▶ **The task**: Your copy of the entries below should hold exactly the lines from the one containing "Illustration from: Intentional: How" to the one containing "Casino Chips With", inclusive, and no pictures.

▶ **Records to process**:

══════════════════════════════

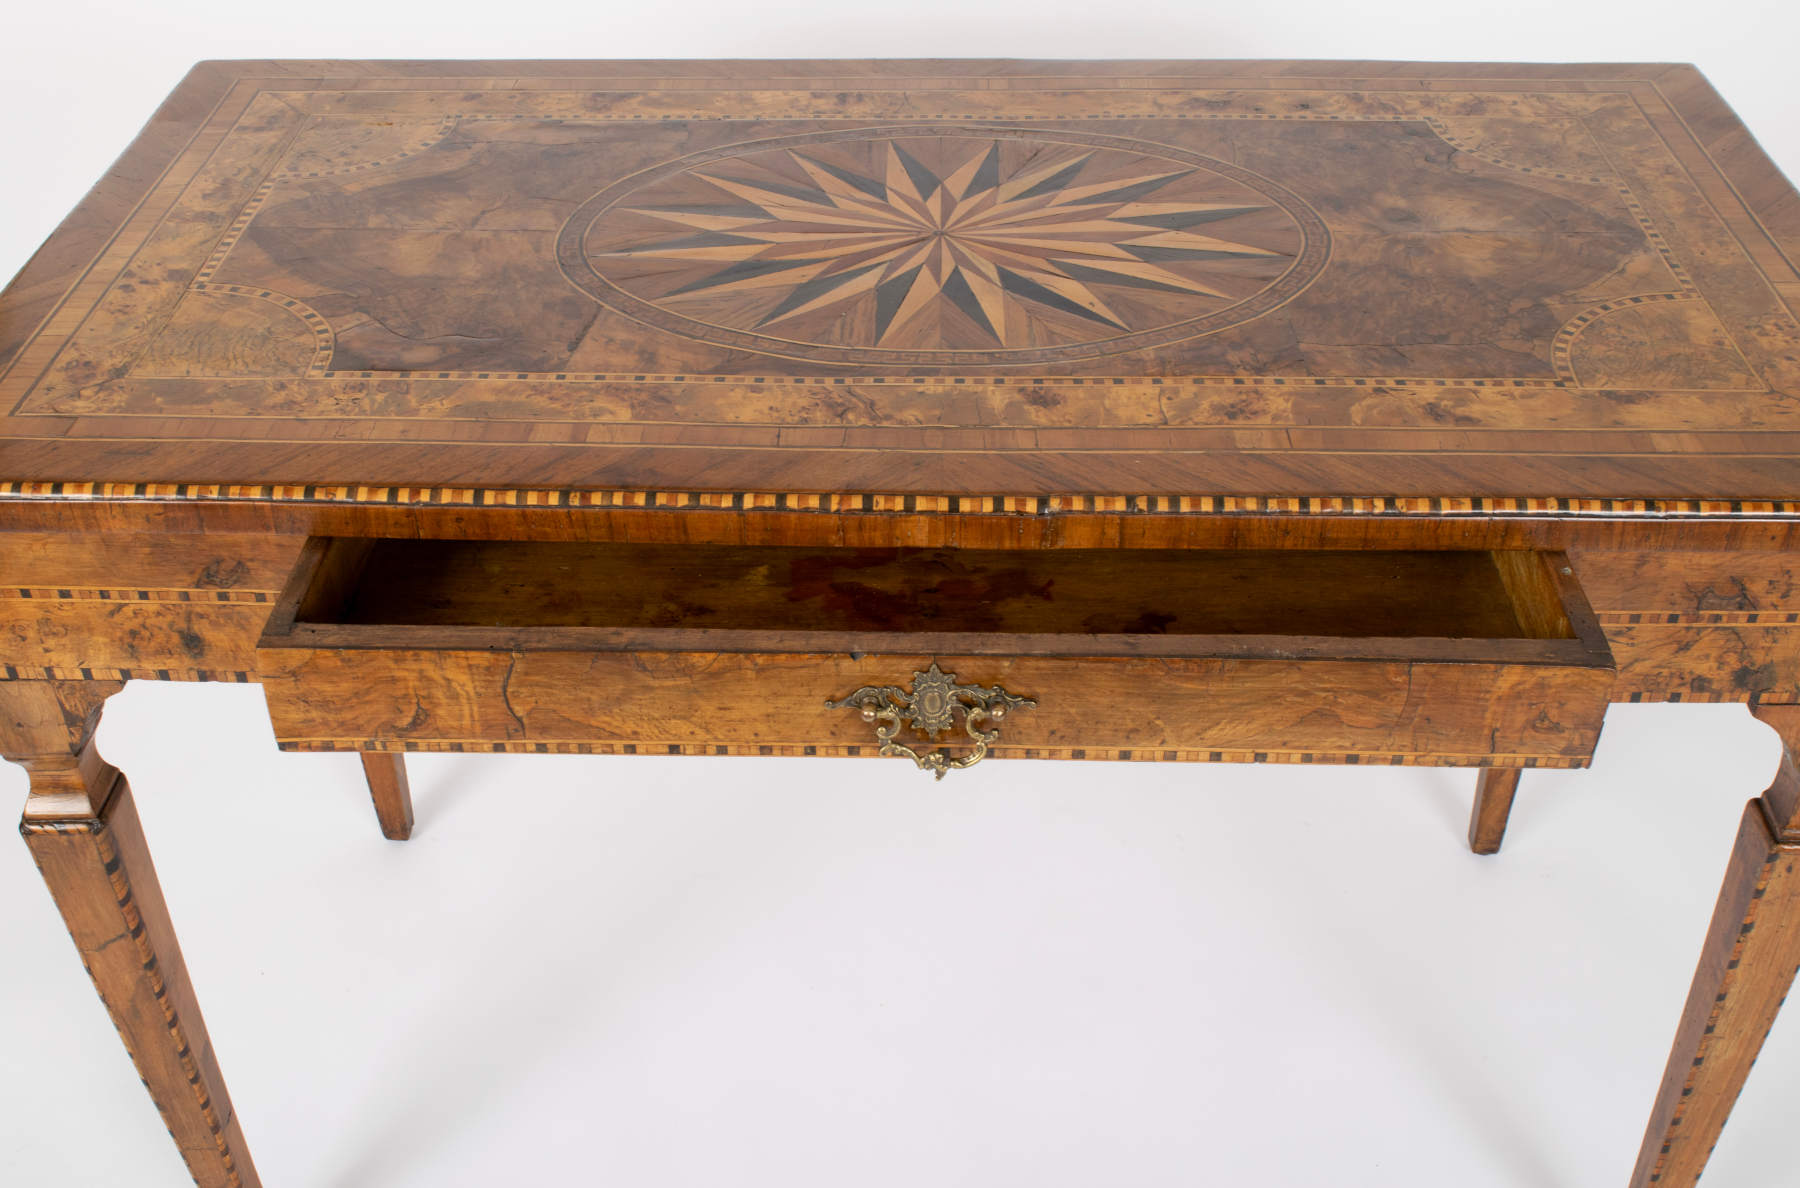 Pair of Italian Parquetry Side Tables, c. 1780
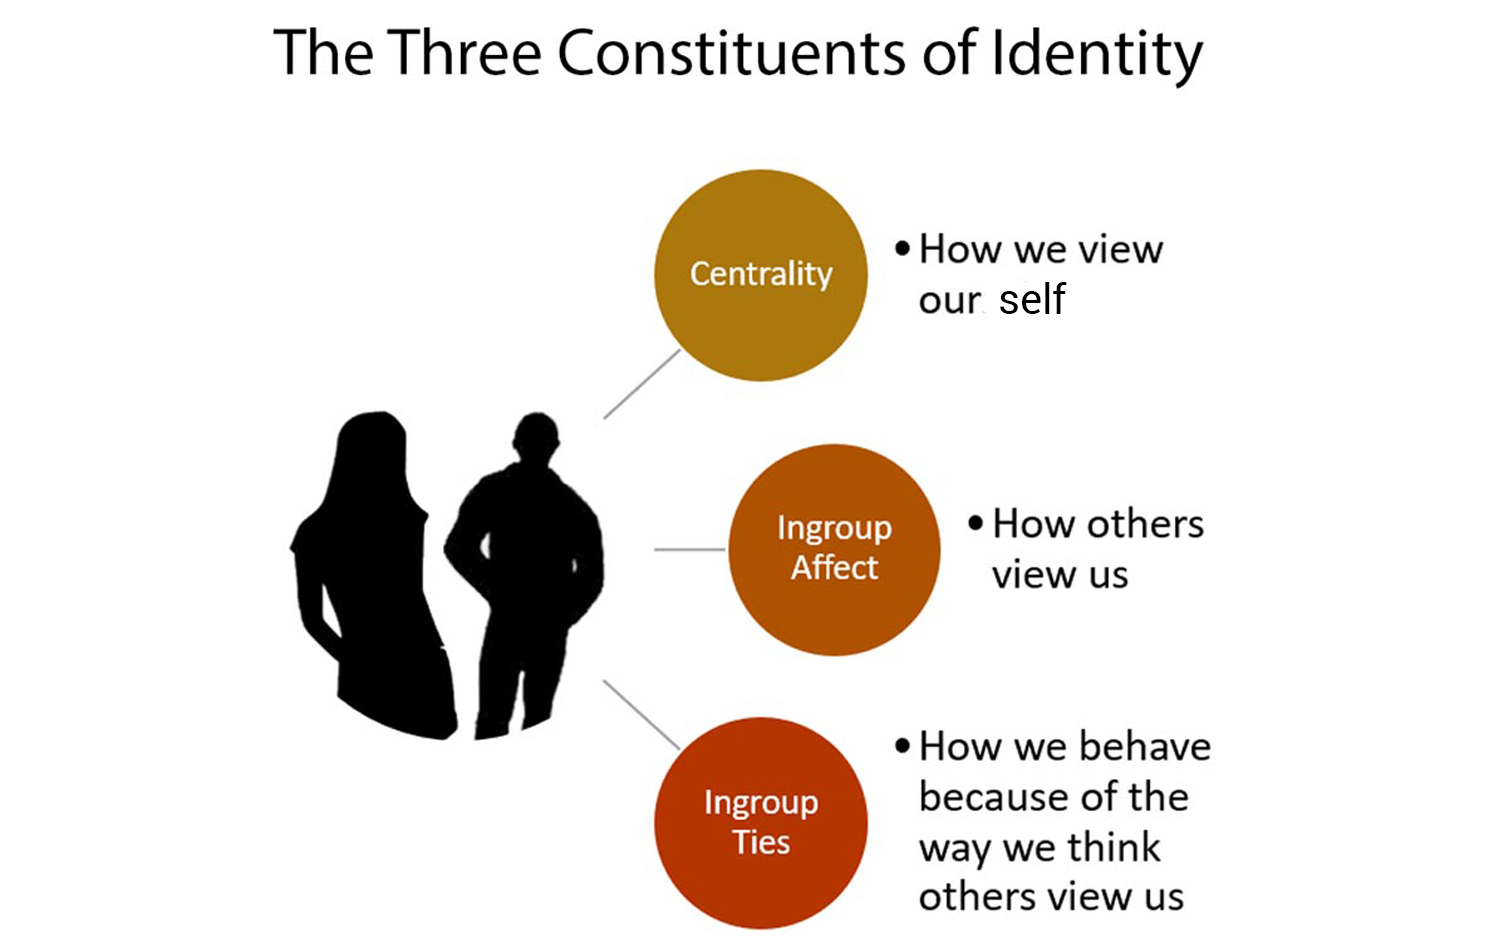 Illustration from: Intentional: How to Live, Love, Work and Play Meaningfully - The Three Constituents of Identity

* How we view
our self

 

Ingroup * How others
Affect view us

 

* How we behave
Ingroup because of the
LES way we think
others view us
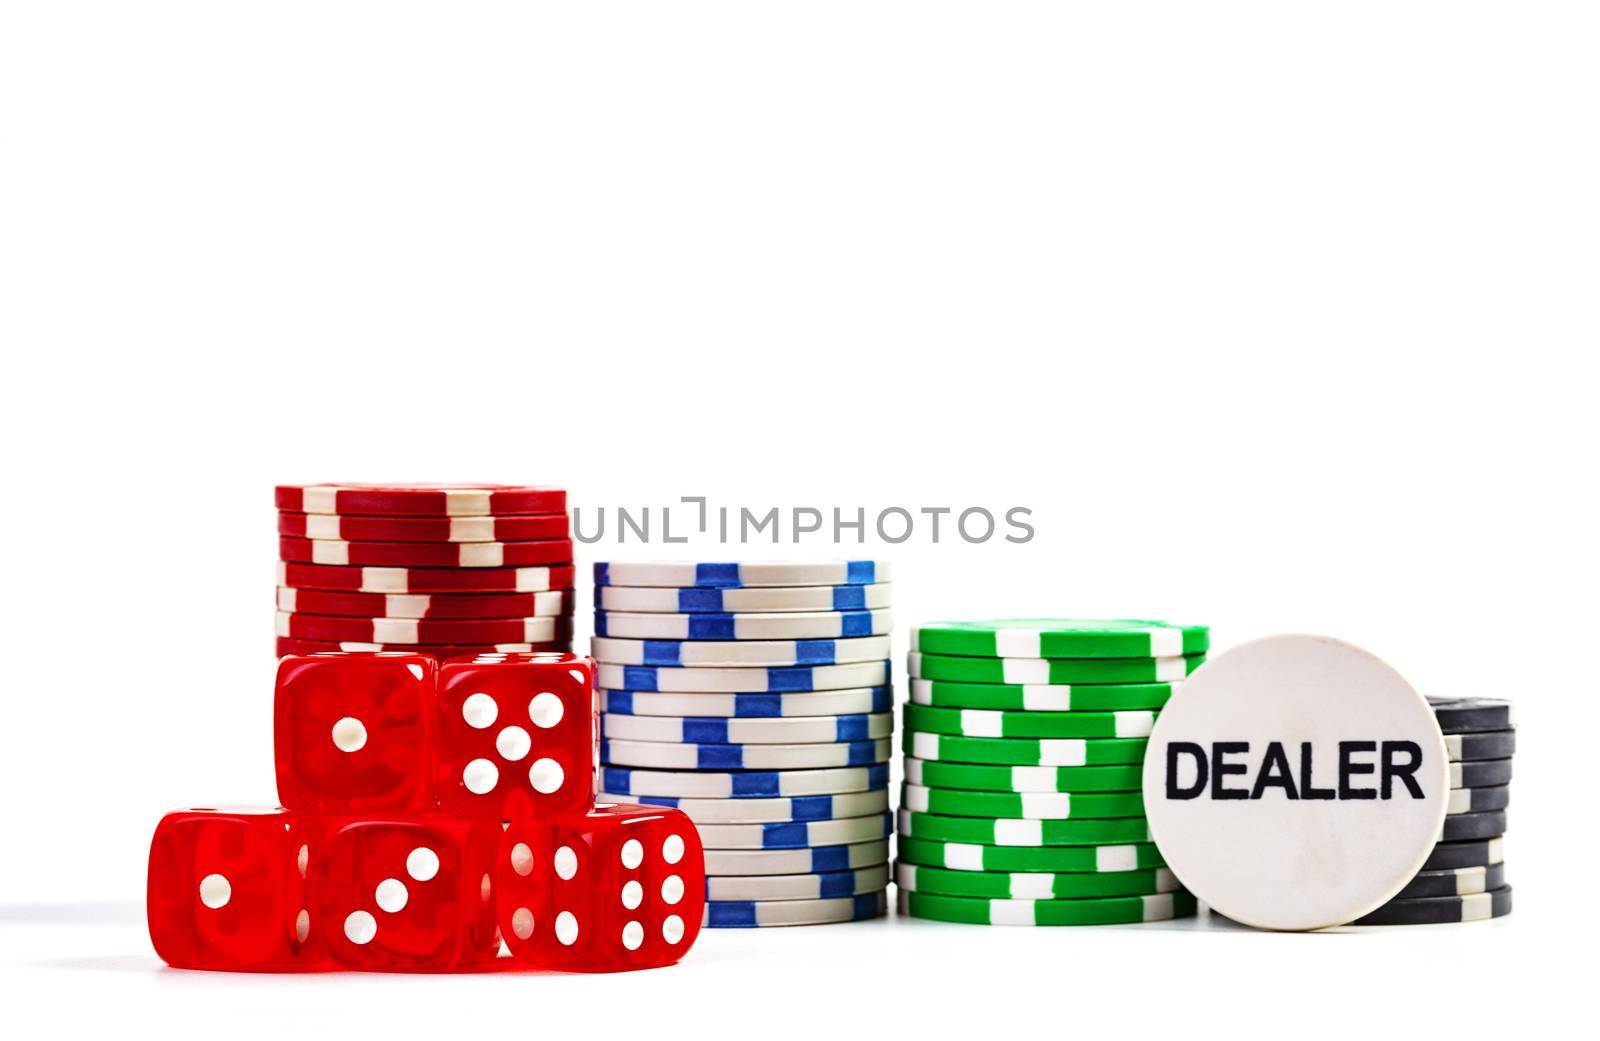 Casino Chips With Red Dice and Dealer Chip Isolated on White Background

══════════════════════════════

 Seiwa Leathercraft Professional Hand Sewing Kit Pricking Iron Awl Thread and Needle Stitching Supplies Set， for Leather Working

══════════════════════════════

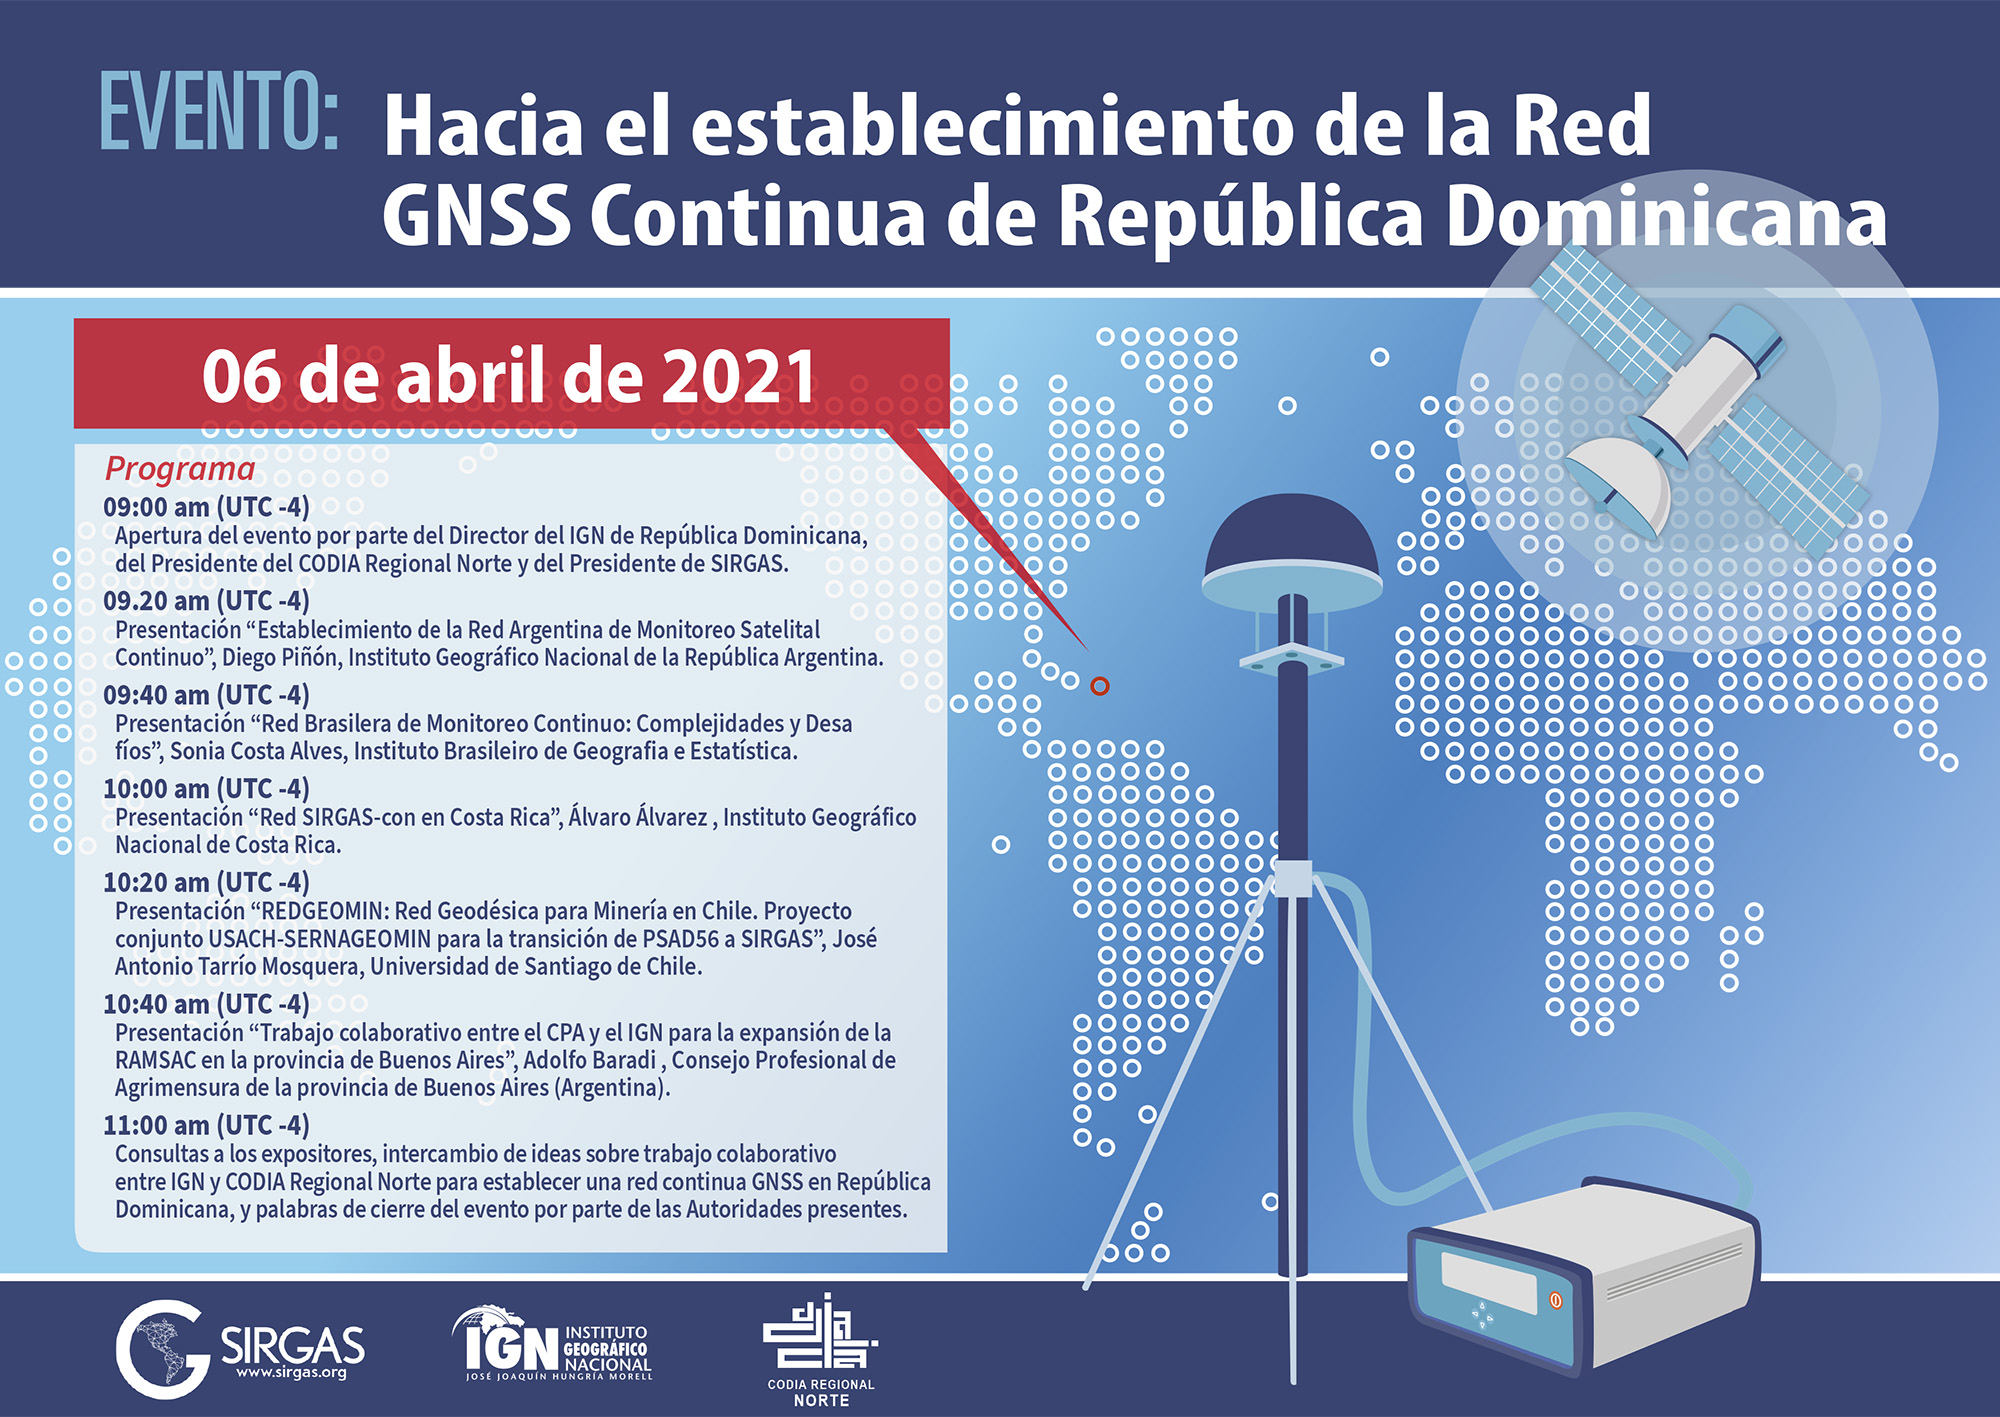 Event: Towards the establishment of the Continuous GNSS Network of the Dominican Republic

══════════════════════════════

▶ **Answer to this task**:
 Illustration from: Intentional: How to Live, Love, Work and Play Meaningfully - The Three Constituents of Identity

* How we view
our self

 

Ingroup * How others
Affect view us

 

* How we behave
Ingroup because of the
LES way we think
others view us
 Casino Chips With Red Dice and Dealer Chip Isolated on White Background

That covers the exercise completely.